MotherfuckerrrrrrrrrrrrrrrrrrrrrrrrrrrrrrrrrrrrrRRRRRRRRRRRR!

— impact-retardant plastic, the sim controls still clutched in Zeno’s hands after all this time.

‘You son of a bitch!’ Calder tugged the cap off his head. ‘Sticking me with a sim when my brain’s still hot from some half-price neural rewrite.’

Zeno pushed Calder back. ‘Down, your highness. That’s the trouble with these damn things. You going to be pimp-rolling down the ship like police rather than crew.’ He clicked a button on the side of the remote, advancing through the titles he had on the ship’s archive. He stopped when the words,
Hell Fleet
: Episode Twelve were flashing on the remote’s tiny green screen. ‘This show is a lot more relevant to business on board the
Gravity Rose
. Six months as an ensign in a TAFC jump carrier. But let’s wait until this afternoon to make a spacer out of you. Otherwise you’d be kicking down doors and maybe hit an airlock release by mistake. Too much too soon is going to fry your mind – but I’ve got to warn you, soon enough your barbarian butt’s going to be gagging for another episode.’

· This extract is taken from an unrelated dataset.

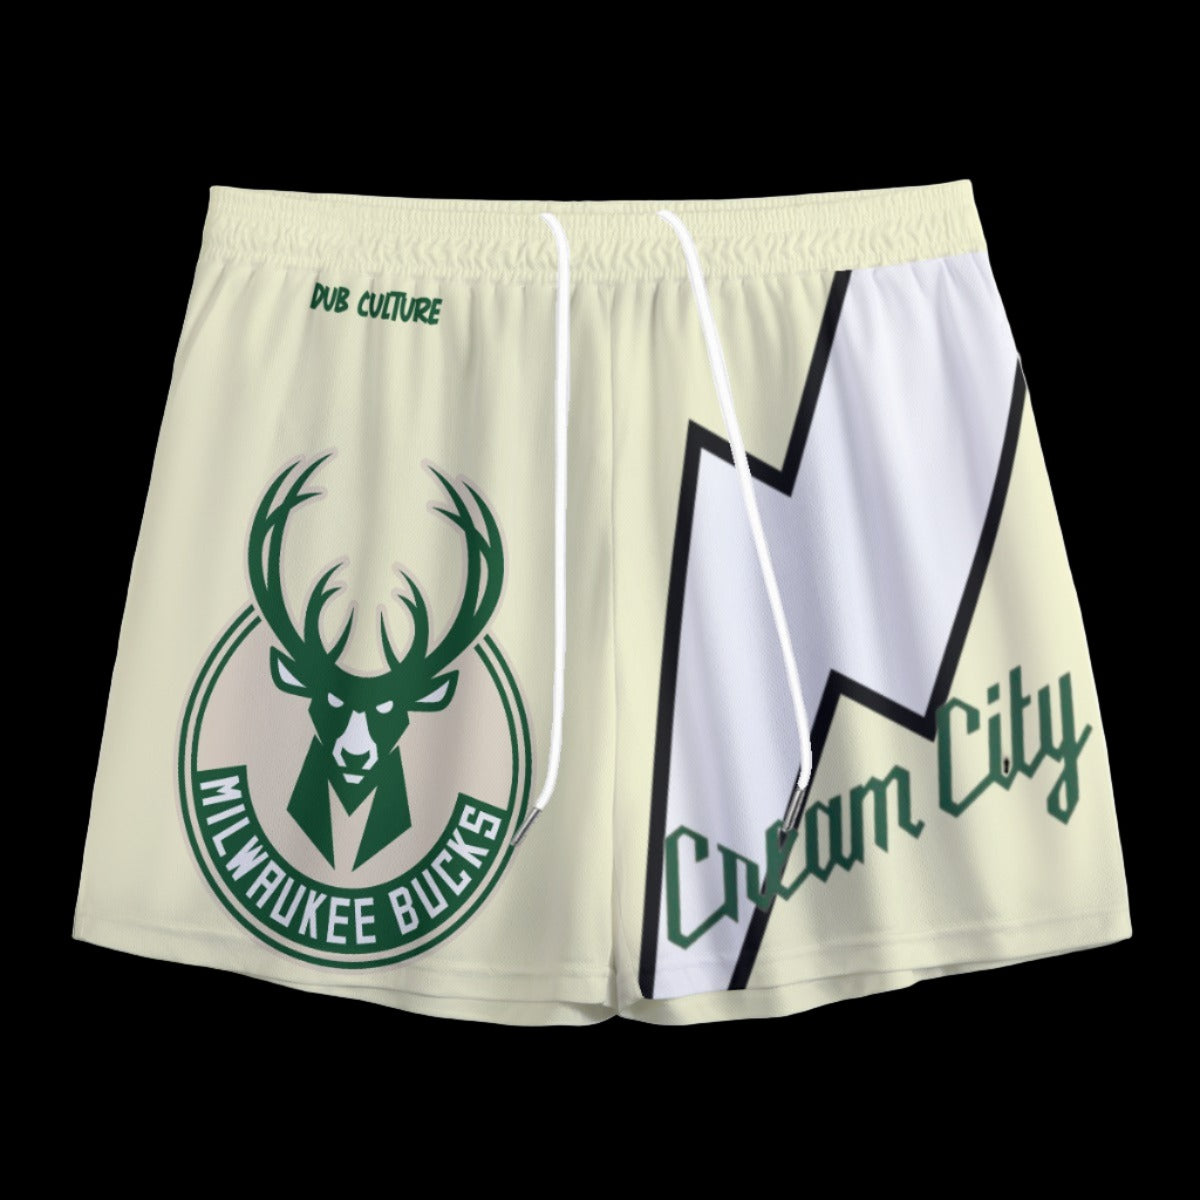 Bucks "Cream City" Mesh Shorts

‘I’m no sim addict,’ protested Calder. ‘And you are a... robot, an android.’

‘Good guess. Wasn’t any robots starring in that cop show, is how I remember it. Amish don’t allow robots on their world, not even in the spaceport. ’Cept you didn’t want to call me a robot, did you? Go on man, use the old cop slur…’

‘Oiler.’

‘See, ten minutes as a cop and you’re already acting like a racist. Yeah, I’m a dirty oiler. Just like you’re an even filthier fleshy.’

Calder rubbed his aching forehead. His scalp felt hot. But he suddenly realized it was his mind, cooling from being excited by the headset.  He couldn’t believe it had all vanished, that it had never even existed in the first place. A whole other life. He had been a police agent travelling between worlds, tackling federal cases for the alliance where local law enforcement was either lacking, corrupt or out of its depth. Calder looked down at his hands, expecting to still see the blood on his hands from the last stand on the Amish world. His partner dead, sold out by a racketeering spaceport manager. Only Calder left, Calder and a few backwoods farmers who he’d convinced to throw aside their pacifists tenets and take up arms against the offworld hitmen arriving to execute the only witnesses to an interstellar crime boss’s villainy. Calder had saved the woman and her son in the witness protection programme, exposed the conspiracy and taken care of the crime family’s henchmen. Calder had saved the goddamn day, and this was his reward? He looked at the sailor with new eyes. Except for Zeno’s golden metal skin and the spiky steel Afro, his face was human. ‘But you’re no clanking machine, why the hell would you need oil?’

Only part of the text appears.